The crisis in primary care: What does the future hold?
By Zoë Buhrmaster/Montana Fellow
Despite the data backing primary care as an effective way to fight chronic disease and lower health care costs, the field is under-resourced and overburdened, physicians said during an HJ26 session. Panelists pointed to the nation’s fee-for-service (FFS) system as a leading factor and shared possible solutions to growing the field, including relying upon often overlooked nurse practitioners.
An analysis of Medical Expenditure Panel Survey data from 2016 to 2022 shows that adults who regularly see a primary care physician are 20% less likely to have a hospitalization and 11% less likely to have an emergency department visit. For children, the impact is even higher, said Yalda Jabbarpour, M.D. Data from the same analyses shows kids are 50% less likely to have ambulatory care sensitive conditions and hospitalizations.
“Primary care is the backbone of the health care system, but the data that we found in the Medical Expenditure Panel Survey shows that only 5% of total health care expenditures actually goes to primary care,” Jabbarpour said.
She pointed to the FFS system, a transactional model for health care payments in the United States that reimburses physicians based on value unit codes. For primary care, which relies upon a continuity of care and developing a relationship with patients to better understand their specific needs, the FFS model fails to reimburse physicians for time that is not identifiable with a code.
Overburdened physicians are subsequently often leaving the workforce, said Kate Schreck, M.D., noting that many doctors are moving to smaller direct care practices or working part time.
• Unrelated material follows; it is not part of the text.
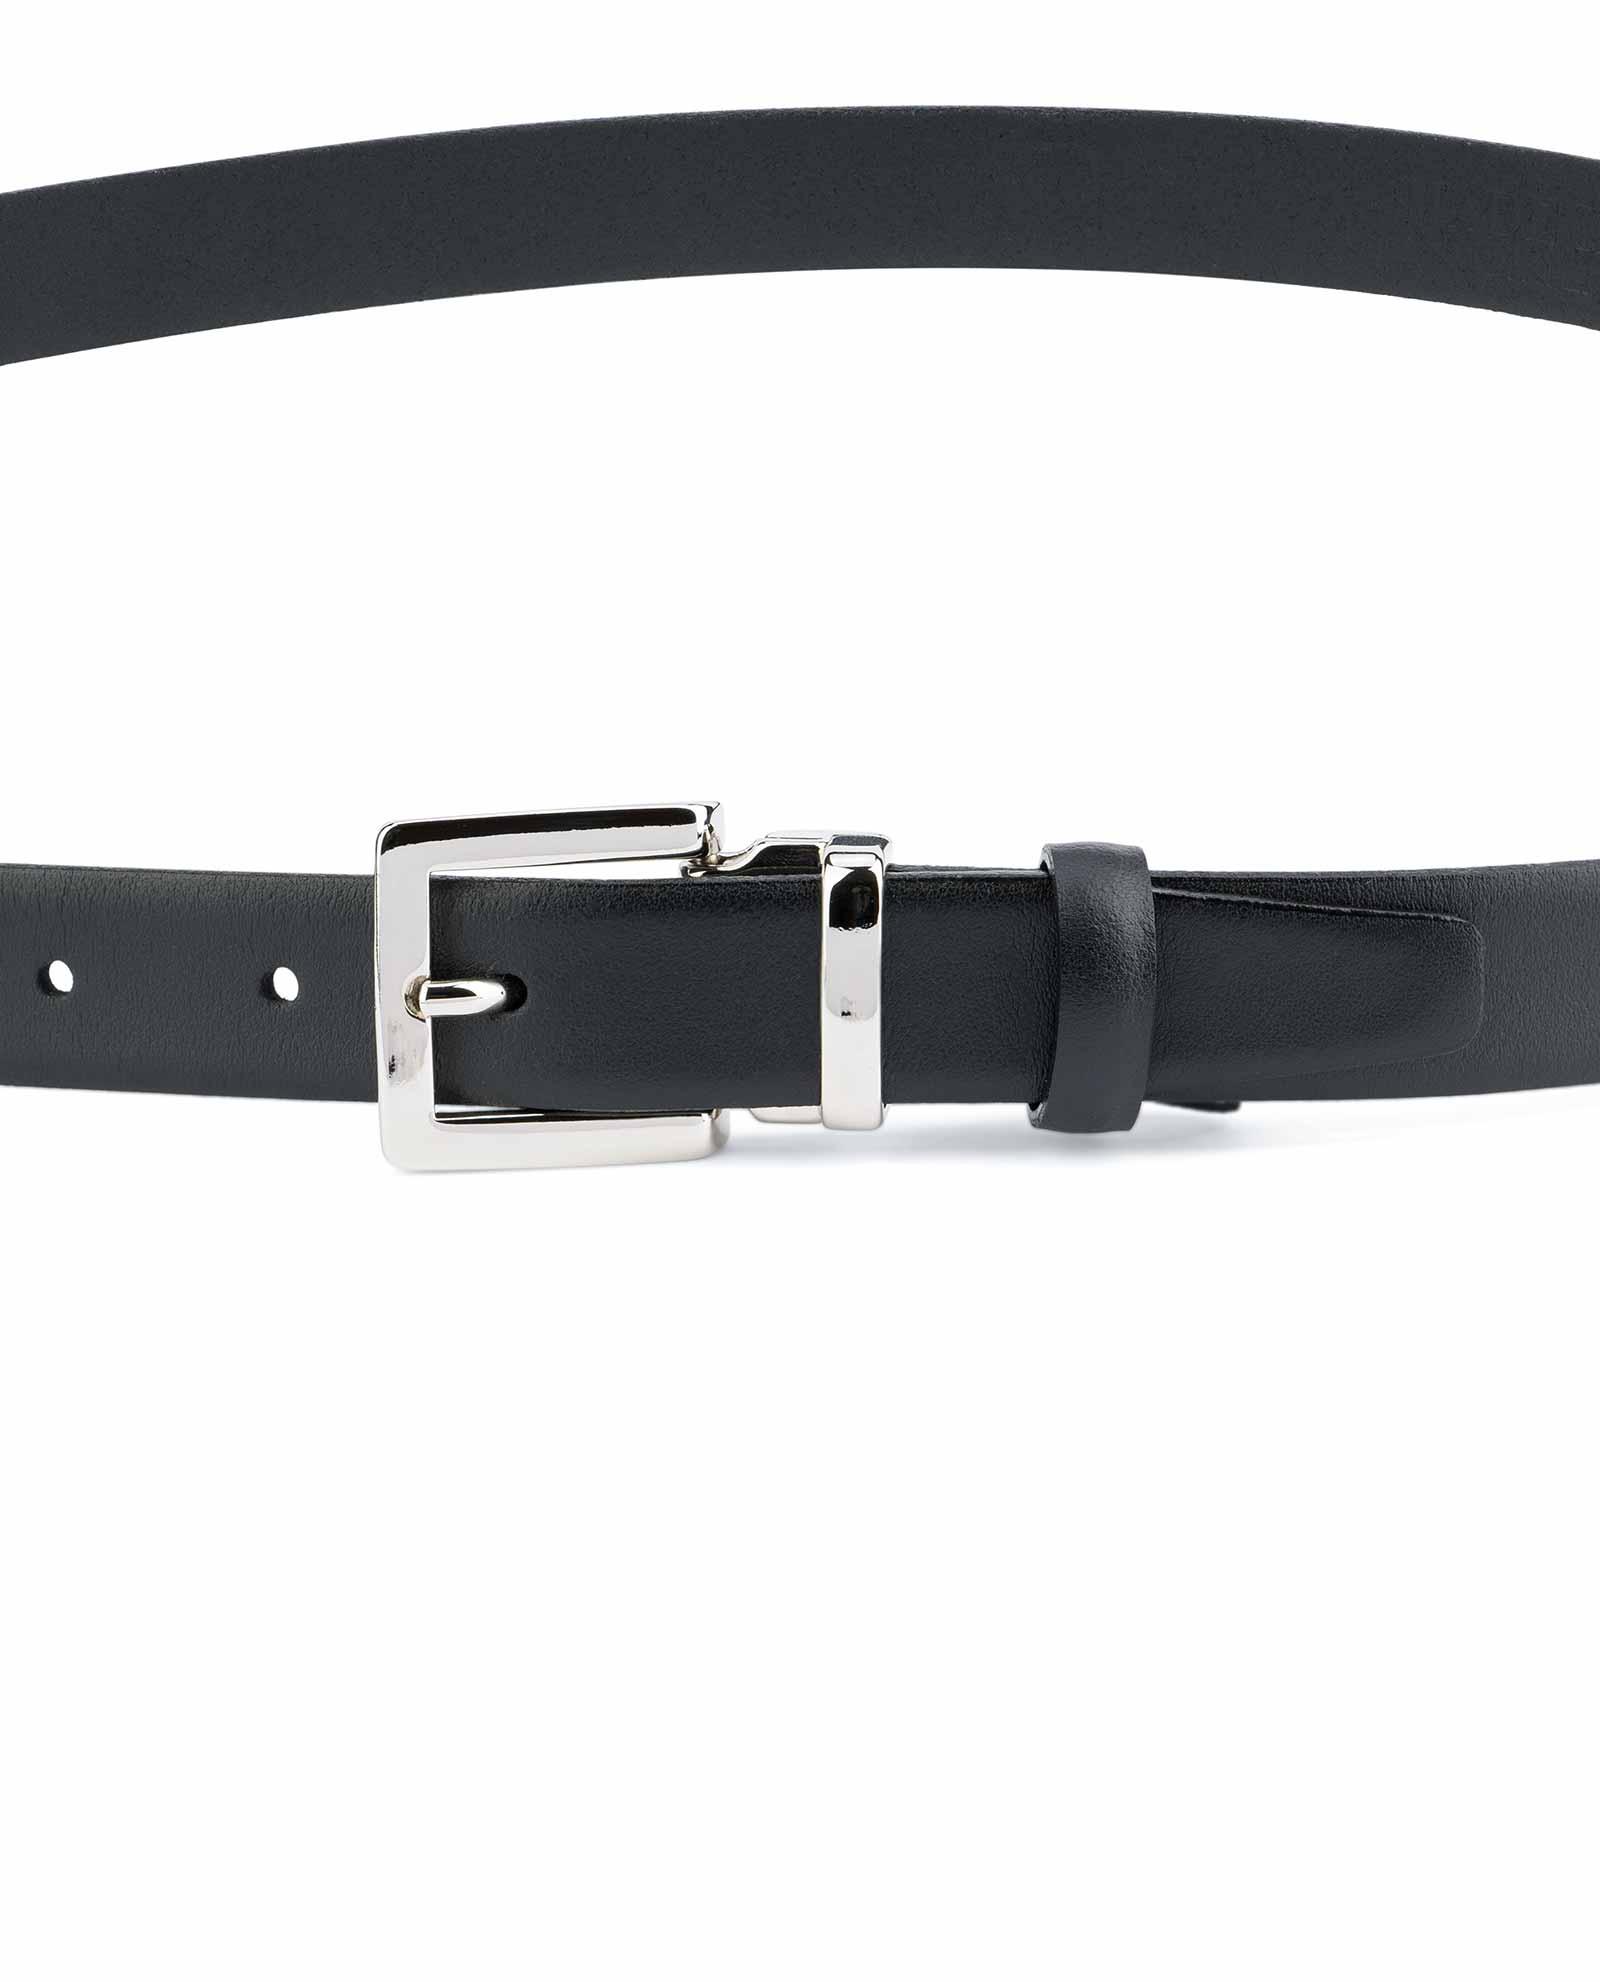 1-inch-Black-Leather-Belt-25-mm-Italian-Buckle-On-pants

In Minneapolis, Schreck is working on building recruitment by exposing medical students to positive primary care experiences before they graduate. Well-resourced teams can look for alternative funding resources, she said. Practices can allow providers to create their own schedule to help reduce burnout, she added.
“Autonomy is a big one when we think about retention in the workforce,” Schreck said.
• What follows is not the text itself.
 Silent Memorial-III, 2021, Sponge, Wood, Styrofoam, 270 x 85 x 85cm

Both doctors said the payment model is in need of reform particularly for primary care reimbursement methods nationwide, something CMS has only recently begun to look into.
Jessica Horstmann, a nurse practitioner at a federally qualified health center, added that nurse practitioners are already boosting primary care access and are projected to continue the trend. Practitioners are one of the fastest growing professions in the United States and now make up 47% of all primary care clinicians, according to a study by the Milbank Memorial Fund.
“You’ll often hear that what nurse practitioners bring is filling gaps in care and filling gaps in the physician workforce,” Horstmann said. “I want to push back on that language. Nurse practitioners provide a complementary role that’s valuable in its own right and it intentionally operates under a different model. We’re not gap fillers, we are expanding access to care.”
Zoë Buhrmaster is a staff writer for the Flathead Beacon.